## Task to carry out
How do the records below read from their first line through the line containing "Visão geral dos"? Write those lines out exactly.

- - -

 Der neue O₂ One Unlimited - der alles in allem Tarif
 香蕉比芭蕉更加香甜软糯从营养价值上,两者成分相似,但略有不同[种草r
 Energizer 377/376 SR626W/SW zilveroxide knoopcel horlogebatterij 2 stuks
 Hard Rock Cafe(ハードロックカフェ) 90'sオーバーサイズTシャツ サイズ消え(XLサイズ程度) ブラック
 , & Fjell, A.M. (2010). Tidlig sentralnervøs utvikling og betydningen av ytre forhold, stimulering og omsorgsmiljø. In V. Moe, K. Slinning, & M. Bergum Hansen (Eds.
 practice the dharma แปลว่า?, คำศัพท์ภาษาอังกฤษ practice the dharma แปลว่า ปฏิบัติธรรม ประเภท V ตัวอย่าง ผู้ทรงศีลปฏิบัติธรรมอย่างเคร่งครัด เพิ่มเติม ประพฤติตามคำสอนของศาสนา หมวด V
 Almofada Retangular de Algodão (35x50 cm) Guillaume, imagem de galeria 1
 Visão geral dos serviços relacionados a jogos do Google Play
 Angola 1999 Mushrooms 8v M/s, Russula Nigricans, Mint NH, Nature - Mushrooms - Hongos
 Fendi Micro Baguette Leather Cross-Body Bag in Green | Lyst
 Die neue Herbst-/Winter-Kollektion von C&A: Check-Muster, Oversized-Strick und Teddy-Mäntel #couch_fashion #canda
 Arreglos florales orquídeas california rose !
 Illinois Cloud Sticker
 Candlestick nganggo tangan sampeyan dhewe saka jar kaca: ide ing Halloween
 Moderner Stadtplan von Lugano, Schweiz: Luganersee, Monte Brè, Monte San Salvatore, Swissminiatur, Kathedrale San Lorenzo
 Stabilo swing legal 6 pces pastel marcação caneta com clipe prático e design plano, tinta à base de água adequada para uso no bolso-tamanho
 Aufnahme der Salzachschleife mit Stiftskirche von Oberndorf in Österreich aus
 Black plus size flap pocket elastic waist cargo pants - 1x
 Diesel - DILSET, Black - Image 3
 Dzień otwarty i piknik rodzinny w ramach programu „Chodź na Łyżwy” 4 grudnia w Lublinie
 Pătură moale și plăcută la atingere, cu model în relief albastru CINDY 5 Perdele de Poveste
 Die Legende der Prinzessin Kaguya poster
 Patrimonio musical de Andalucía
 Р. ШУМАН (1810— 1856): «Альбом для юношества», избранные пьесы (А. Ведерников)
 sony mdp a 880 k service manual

- - -

## Exercise solution
 Der neue O₂ One Unlimited - der alles in allem Tarif
 香蕉比芭蕉更加香甜软糯从营养价值上,两者成分相似,但略有不同[种草r
 Energizer 377/376 SR626W/SW zilveroxide knoopcel horlogebatterij 2 stuks
 Hard Rock Cafe(ハードロックカフェ) 90'sオーバーサイズTシャツ サイズ消え(XLサイズ程度) ブラック
 , & Fjell, A.M. (2010). Tidlig sentralnervøs utvikling og betydningen av ytre forhold, stimulering og omsorgsmiljø. In V. Moe, K. Slinning, & M. Bergum Hansen (Eds.
 practice the dharma แปลว่า?, คำศัพท์ภาษาอังกฤษ practice the dharma แปลว่า ปฏิบัติธรรม ประเภท V ตัวอย่าง ผู้ทรงศีลปฏิบัติธรรมอย่างเคร่งครัด เพิ่มเติม ประพฤติตามคำสอนของศาสนา หมวด V
 Almofada Retangular de Algodão (35x50 cm) Guillaume, imagem de galeria 1
 Visão geral dos serviços relacionados a jogos do Google Play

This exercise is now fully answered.